__DATA__.
|---|
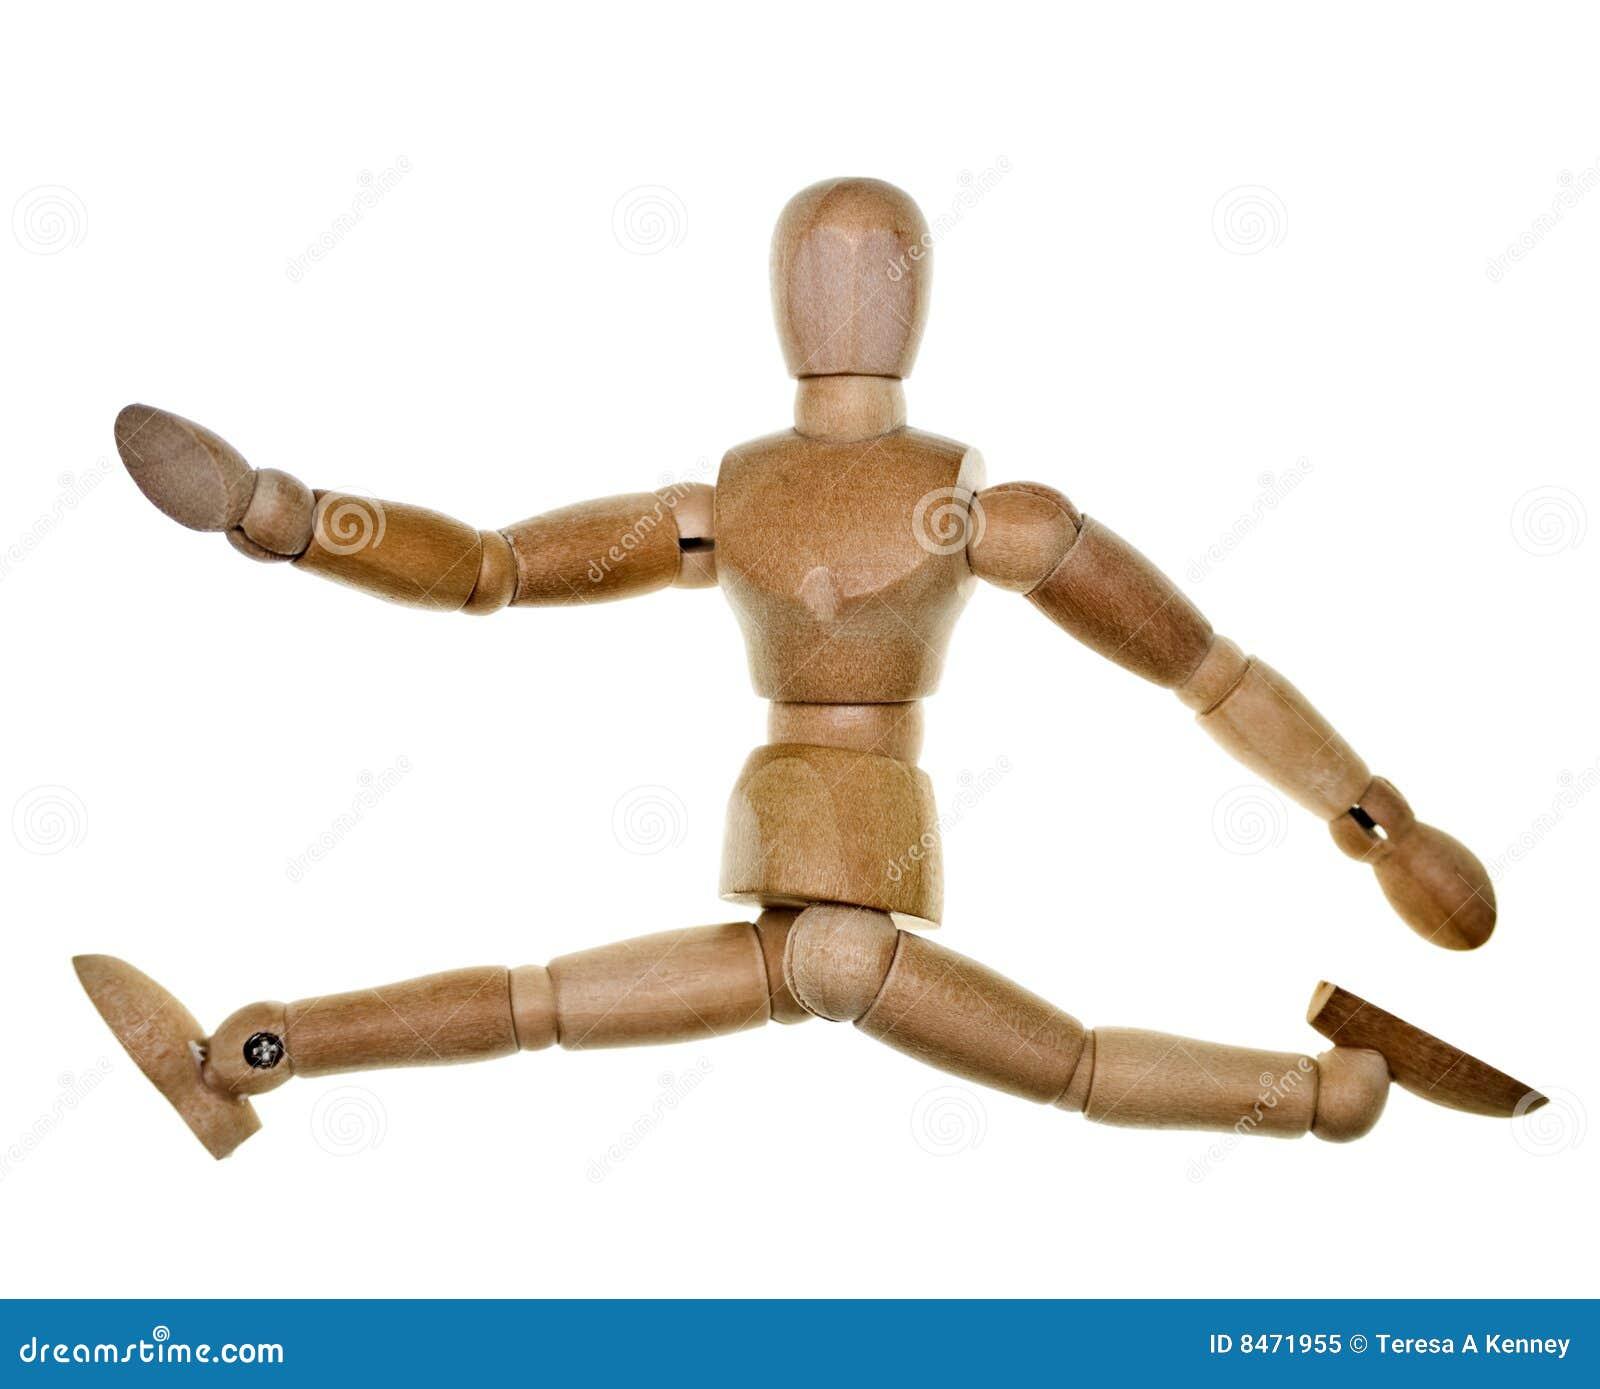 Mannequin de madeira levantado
|---|
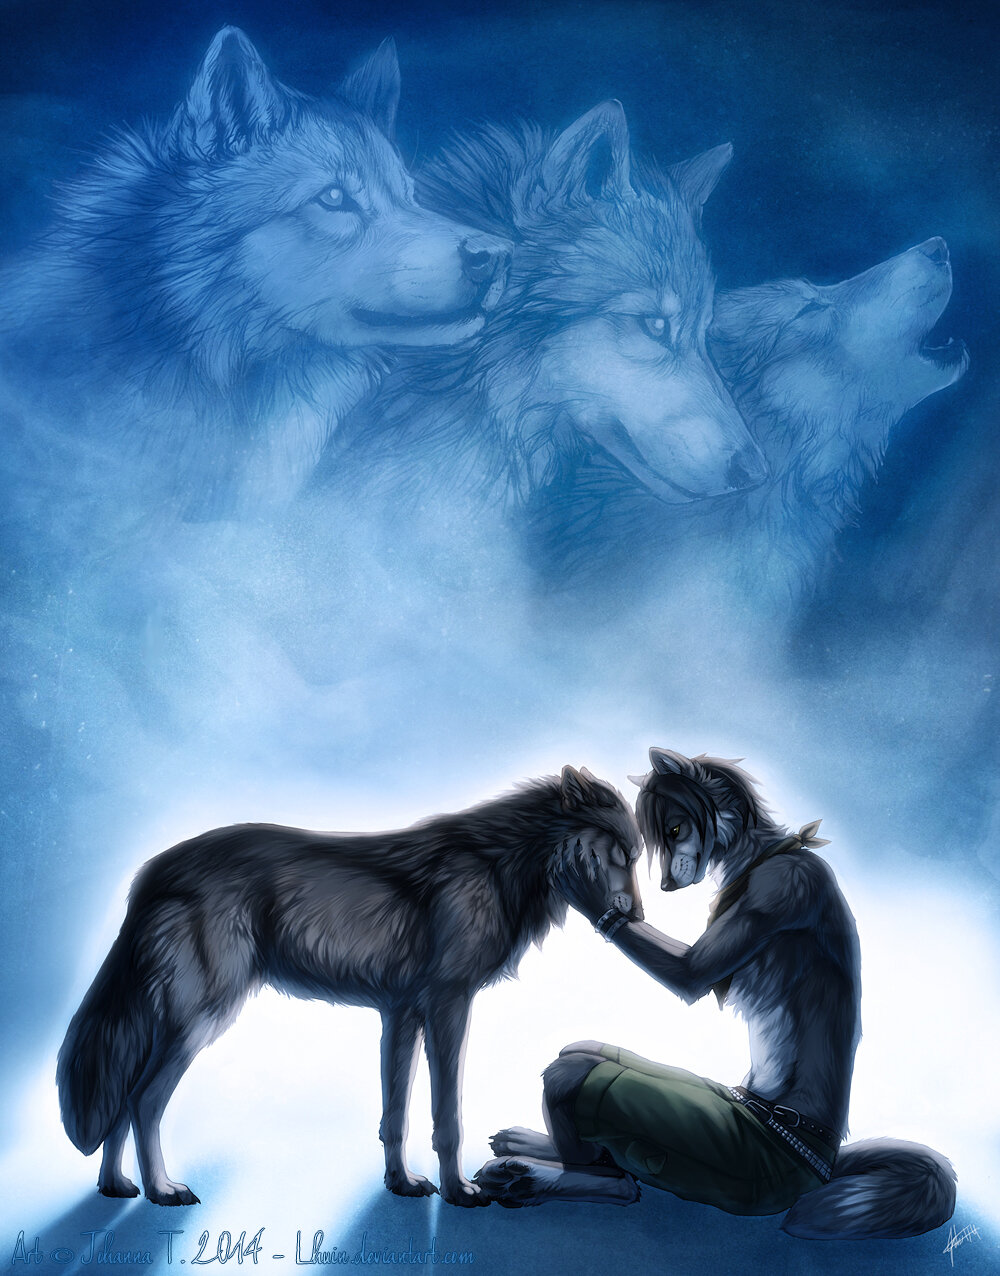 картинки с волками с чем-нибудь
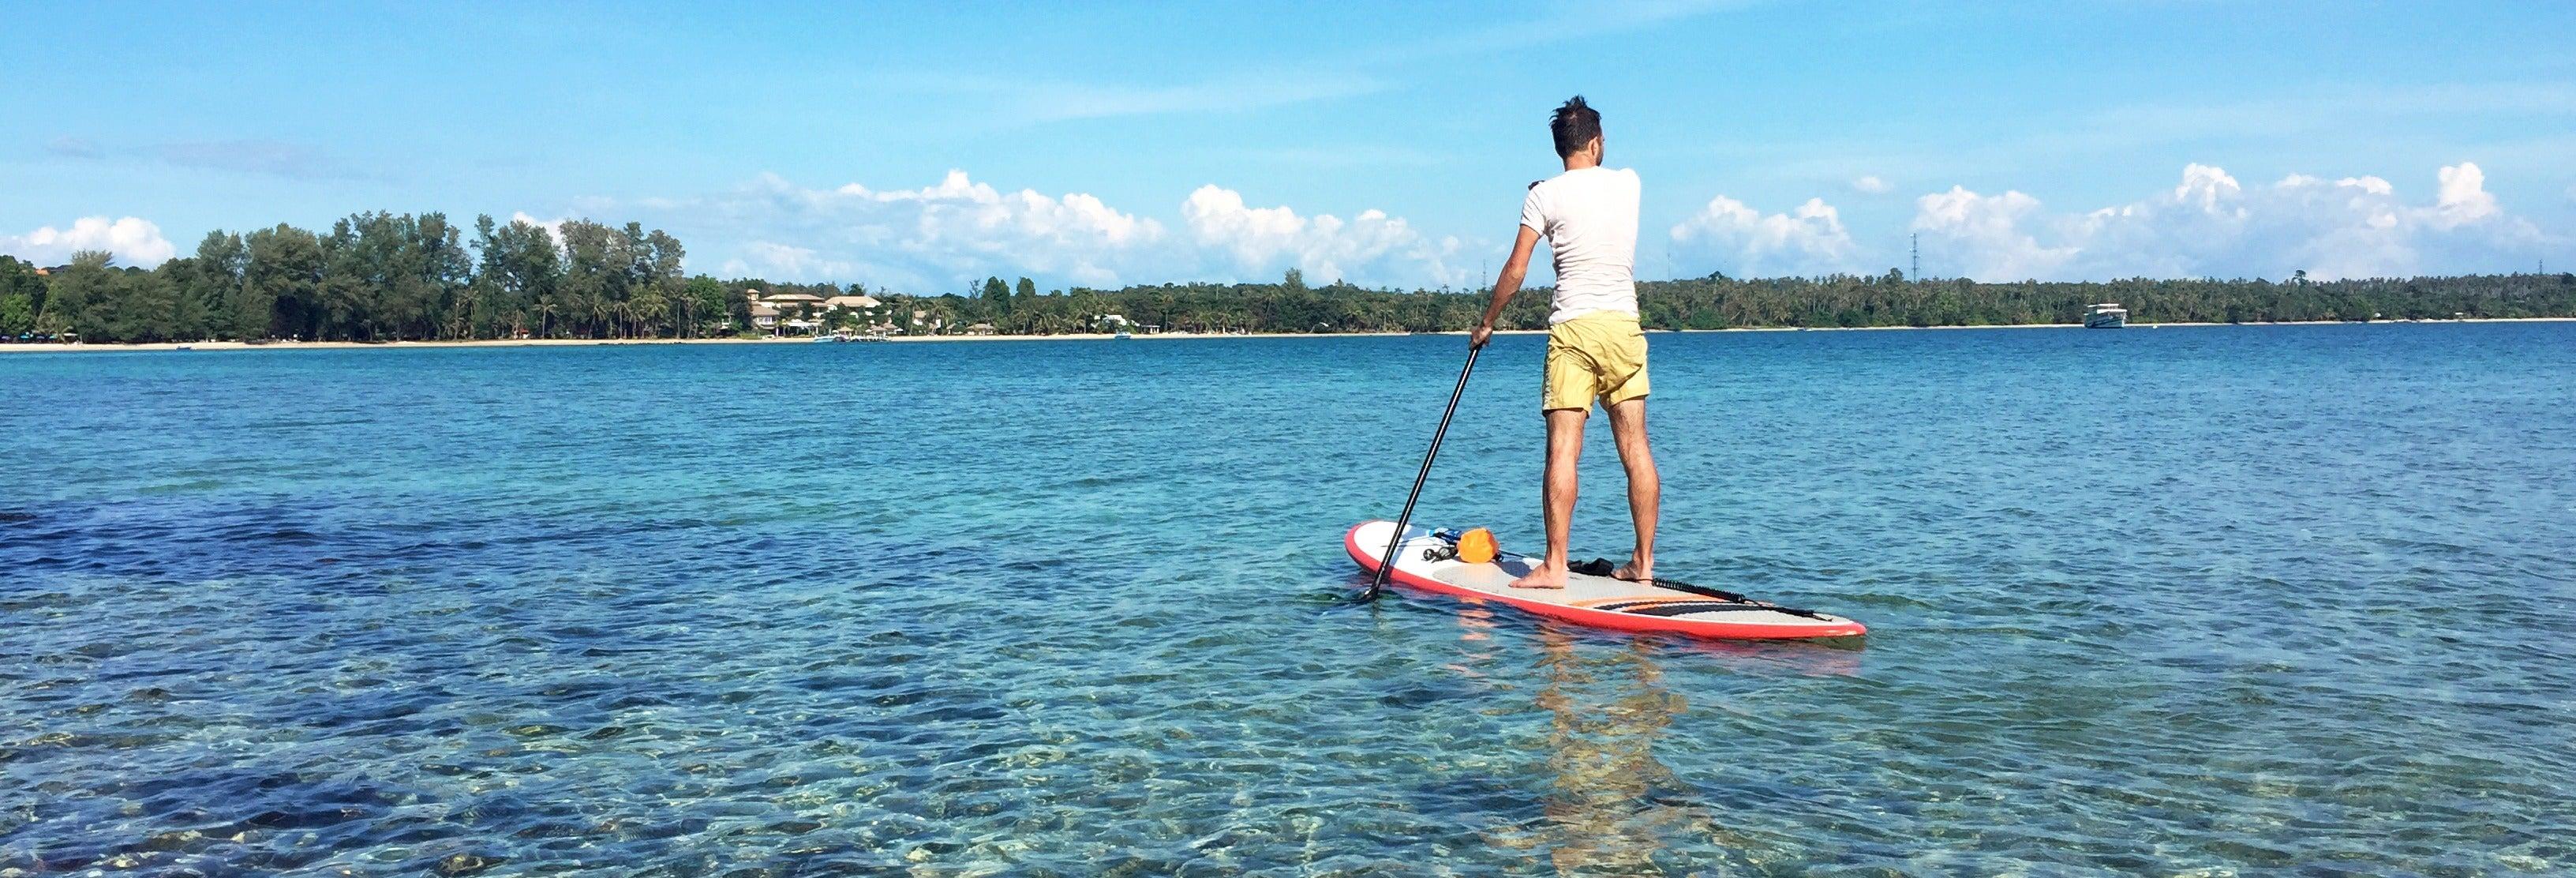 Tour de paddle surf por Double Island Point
|---|
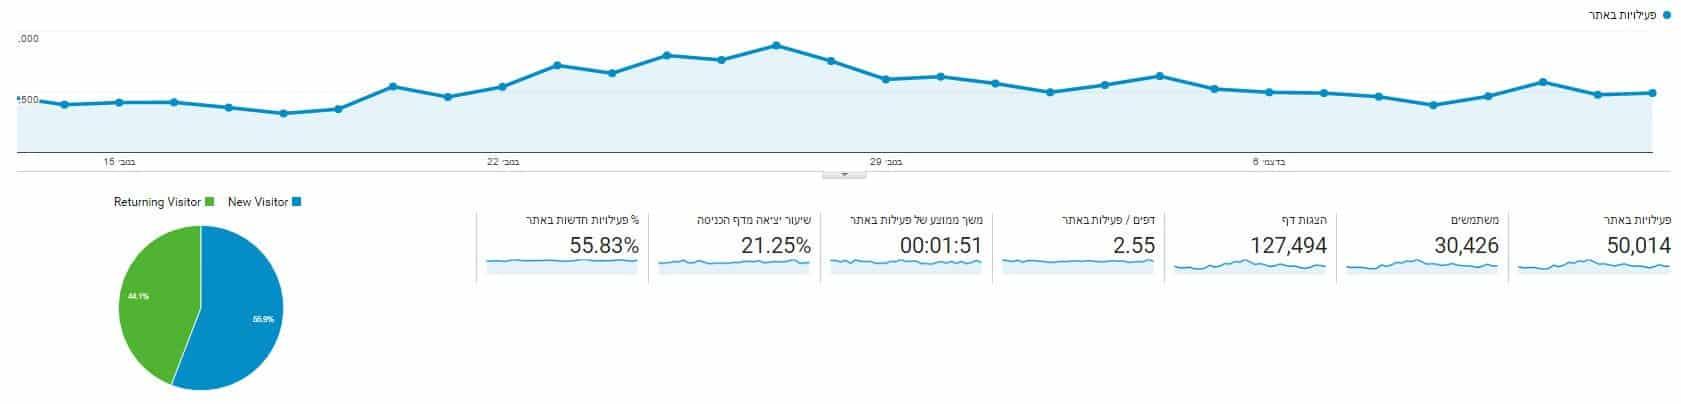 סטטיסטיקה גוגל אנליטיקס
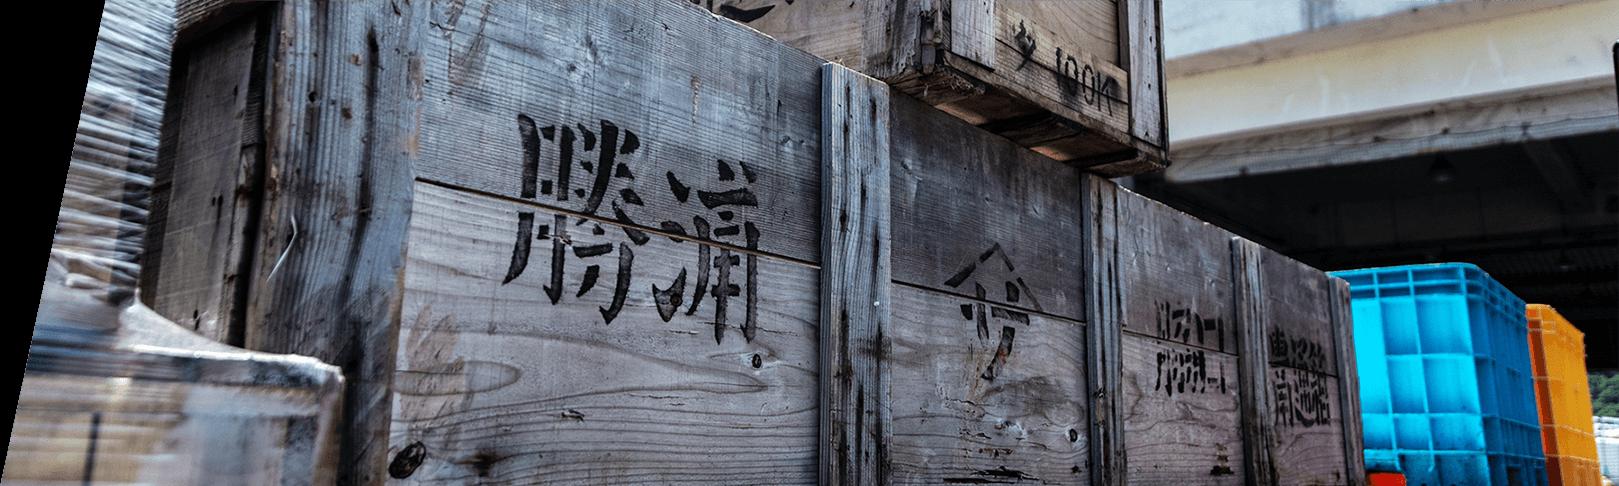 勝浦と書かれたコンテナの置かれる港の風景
|---|
__YOUR INSTRUCTIONS__. What is needed is an exact copy of the lines above from the one with "картинки с волками с чем-нибудь" to the one with "Tour de paddle surf por Double Island Point", both ends kept, and nothing more; please leave the pictures out.

__FINISHED TASK__.
 картинки с волками с чем-нибудь
 Tour de paddle surf por Double Island Point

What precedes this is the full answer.